See, when you hard crowd control a PC you are not only locking down the character but you are making it so the player can no longer play the game. They become a passive witness unable to interact with the world. Even worse, they do this at a time when the game is at its slowest going. A combat round in D&D is 1 minute. It is not uncommon for it to take 30-60 minutes of real life time for that 1 minute to be resolved. And when your character is locked down for 10 rounds....that's a lot of game time you don't get to do anything with.

Now some tables are fine with these mechanics, but it is the rare player - and the rare group - that will still be having fun as they get to sit their not playing the game and watching as their friends struggle to continue a fight now a person down. Add to this that 1 PC being down means less split up of attacks, and an ability like hold person, stun, or banish is basically kicking the death spiral off nice and quick. Which just makes things even harder on the person who can do nothing but sit there and watch.

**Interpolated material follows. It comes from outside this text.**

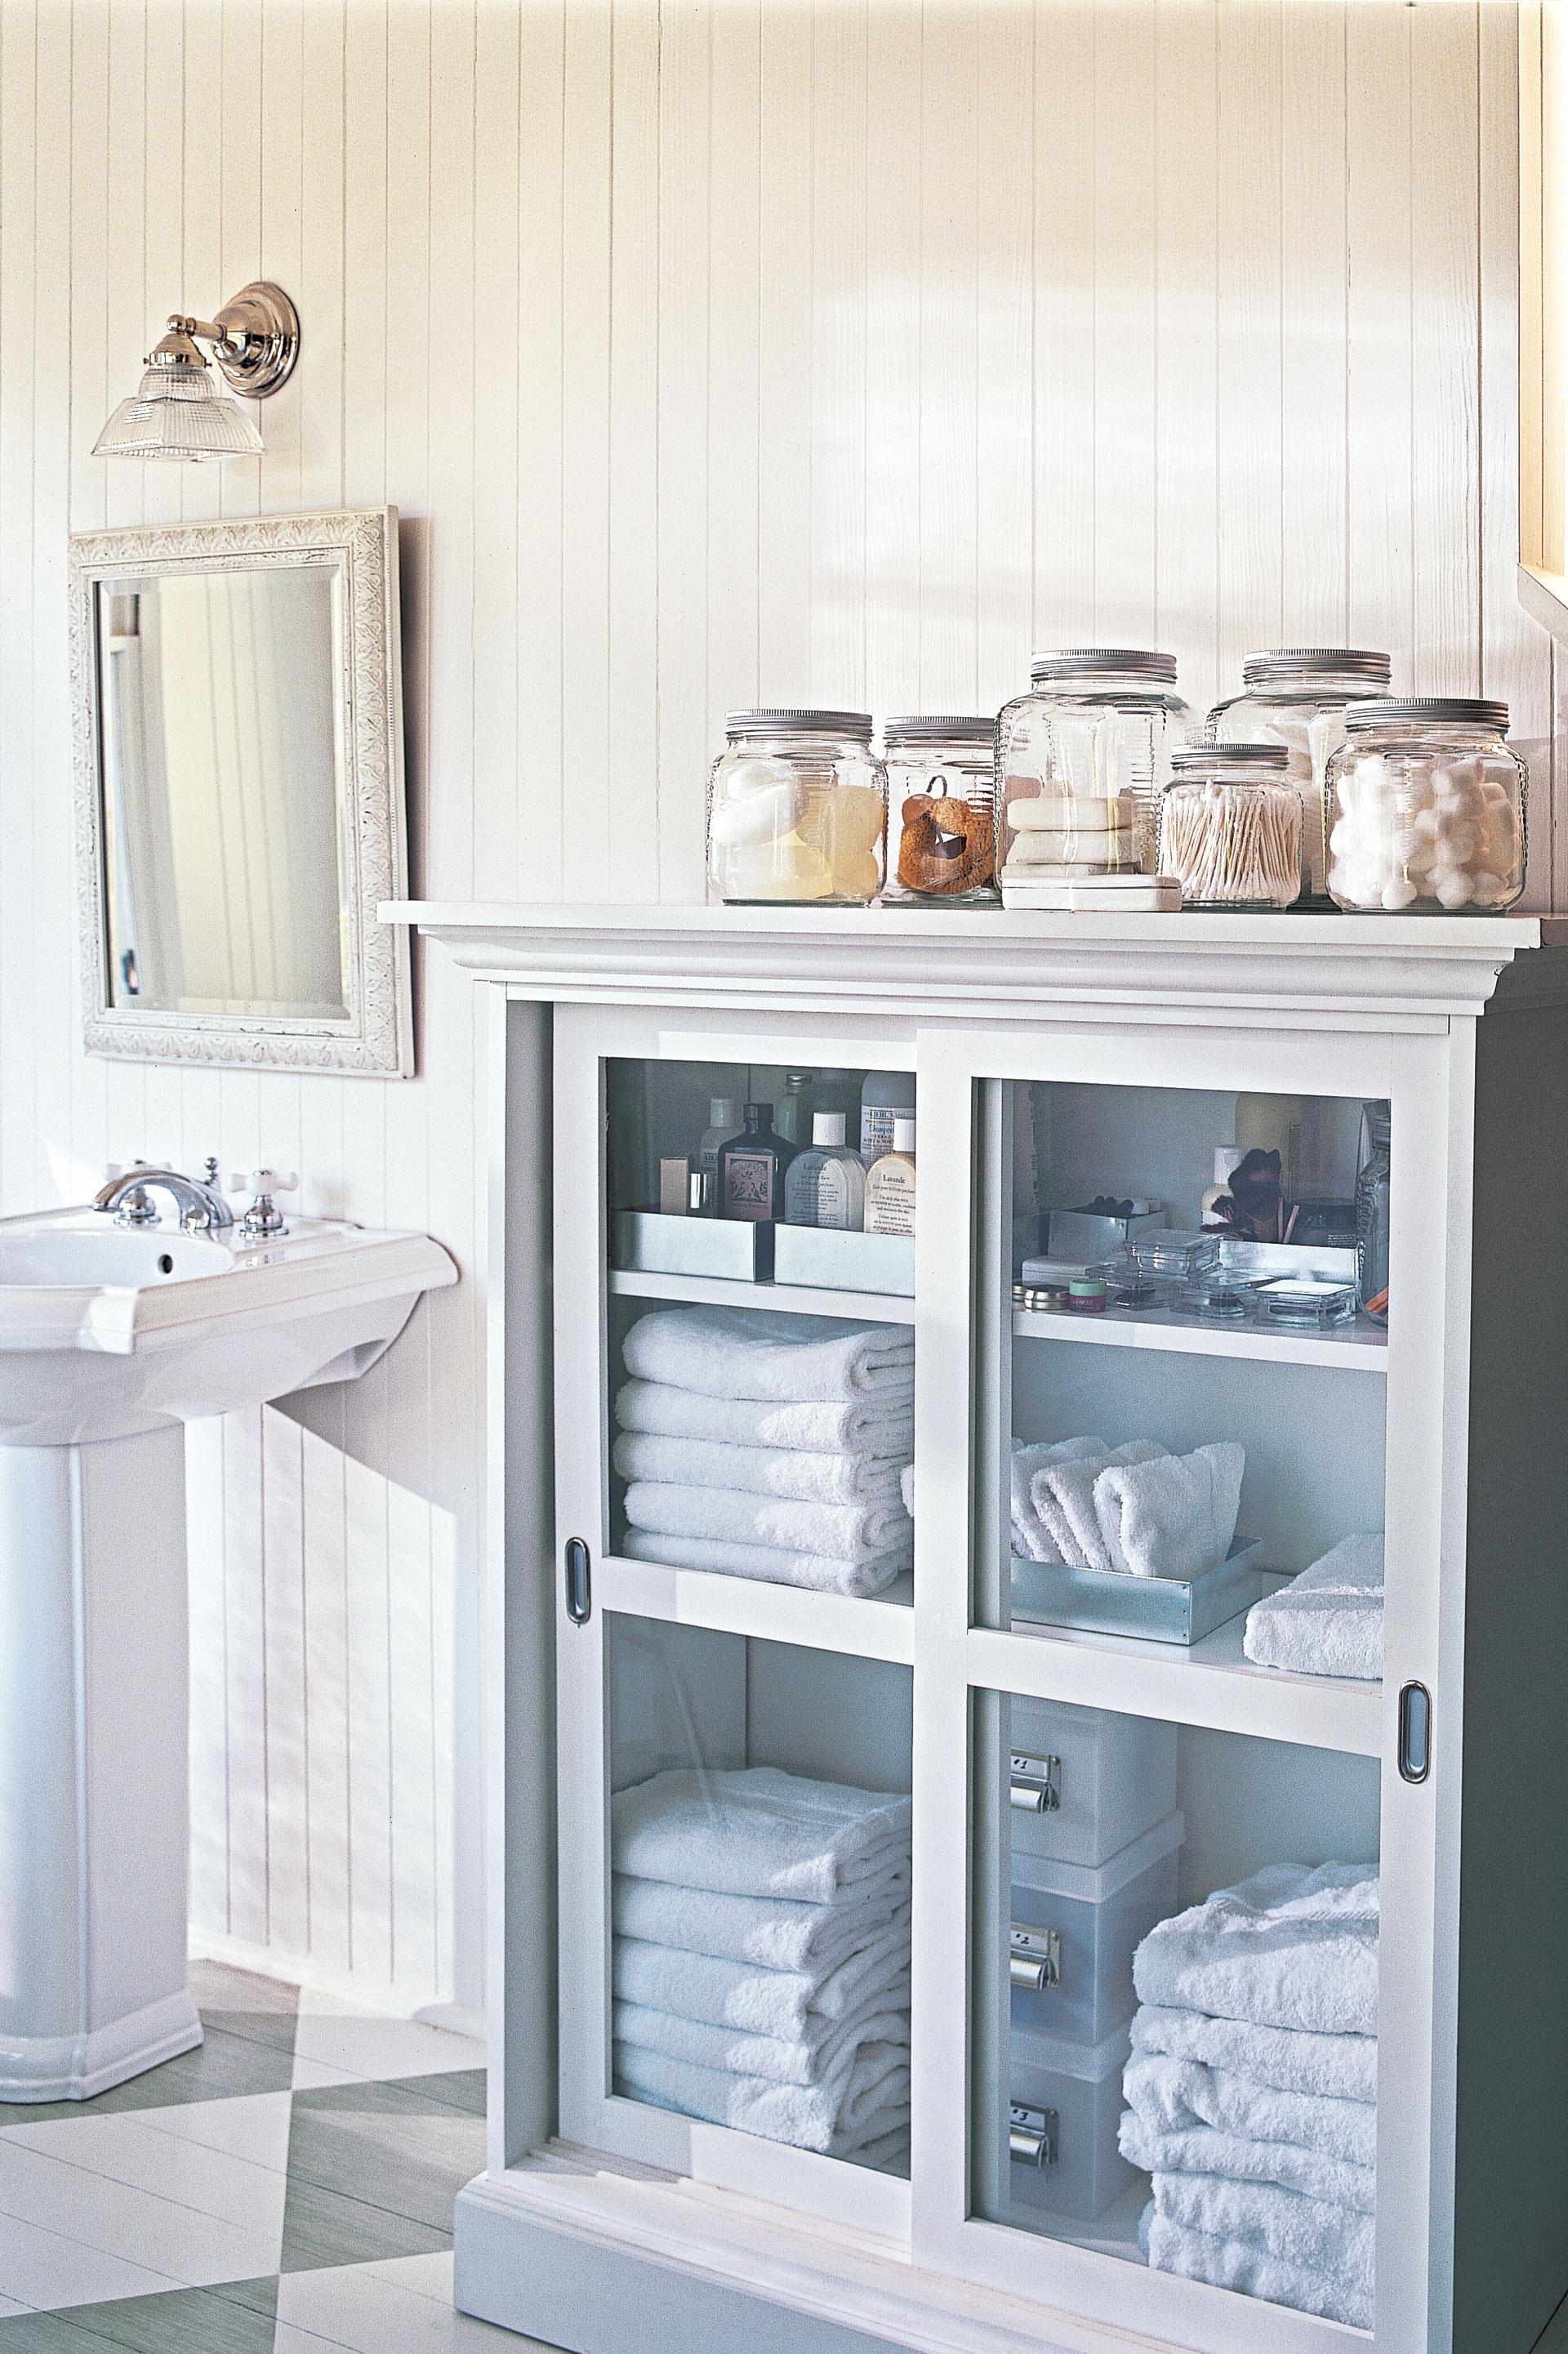 17 Bathroom Organization Ideas Best Bathroom Organizers to Try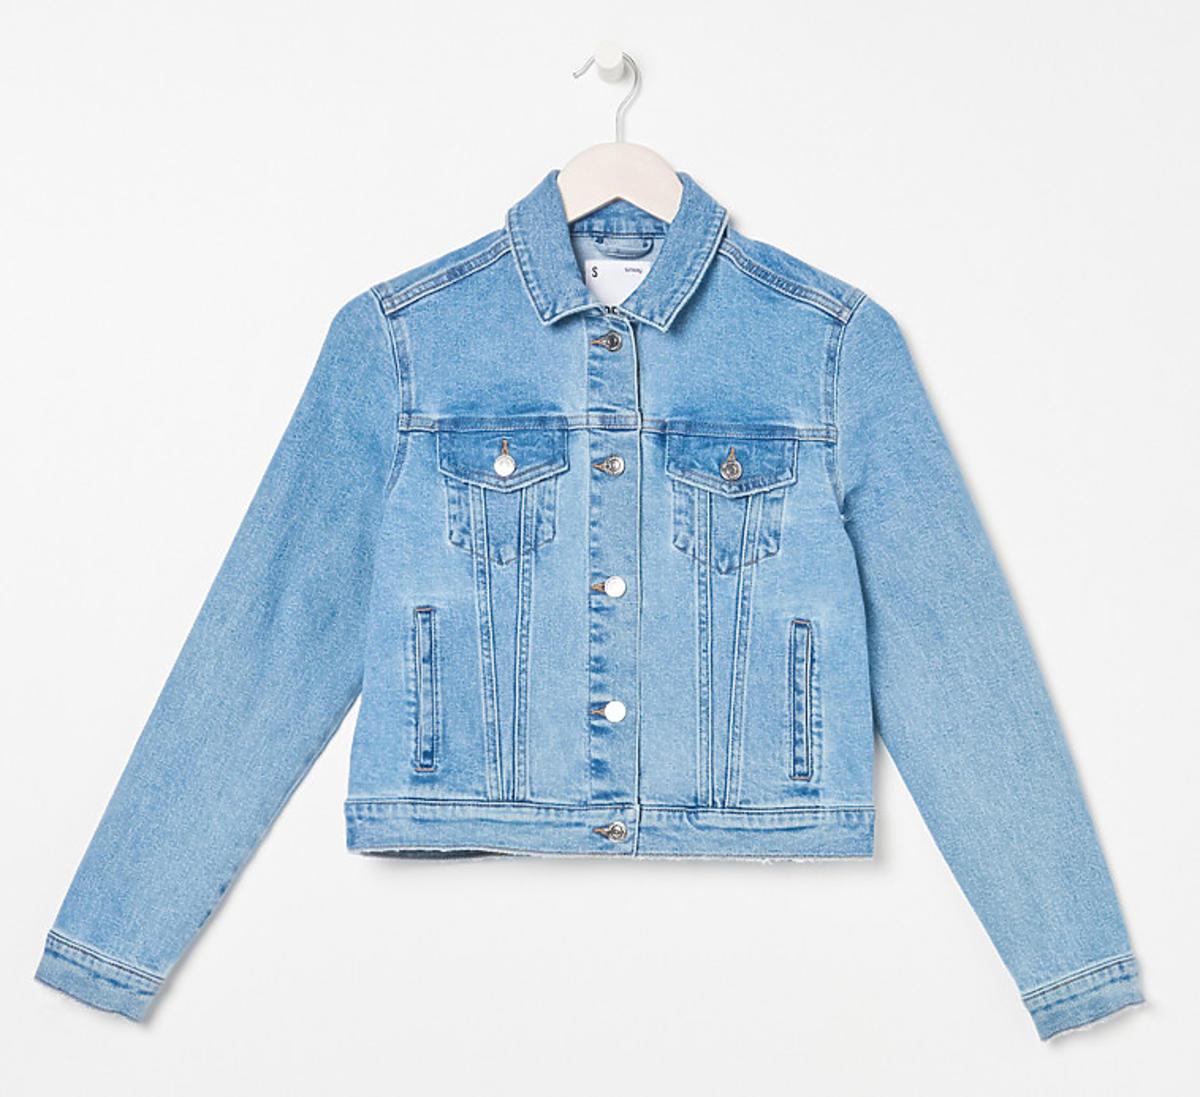 Jeansowa kurtka przejściowa na wiosnę, Sinsay, 69,99 zł

Combat can be distracting and lose players when everyone is involved. Imagine how distracting and hard to keep up it can be when you're not even in the game?

Encounters Should Be Fun
Which brings me to the crux of this. When making your encounters you should be aiming for fun. You can be challenging. You can have a real chance for the PCs to lose. But you don't want the Players to feel they never had a chance. You don't want them to feel like they got locked out of the game and couldn't do anything to help or fight.

You want them to have fun.

If they have fun, they'll be more ok with losing and even dying. If they have fun they'll remember the encounter, the enemy they fought, and the game it was in.

If they have fun, you're running a good session.

Interaction Is Fun
What makes an encounter fun? Several things, but one of the best ways I've seen to make things fun is to make them interactive. There is a reason JRPG's sometimes get panned for their combat system being 2 groups in a line taking turns hitting each other. It's not really interactive.

Play and counterplay is what you're looking for. You want characters moving around. You want to give the PCs mini puzzles and strategies they have to work out. You want to give them a reason to change their default "I walk up and stab it" to something else, and in turn you want the NPCs to react to the PCs.

Oh, and if it isn't clear: the idea here is to get your players more into the game. That means you want to leave mechanics like banish and long term hard stuns as out of it as you can. Or give the players clear ways they can unlock their friend from the stun and get them back in the game.

Focus on fun first. Then work on the challenge. Then check to make sure it is still fun.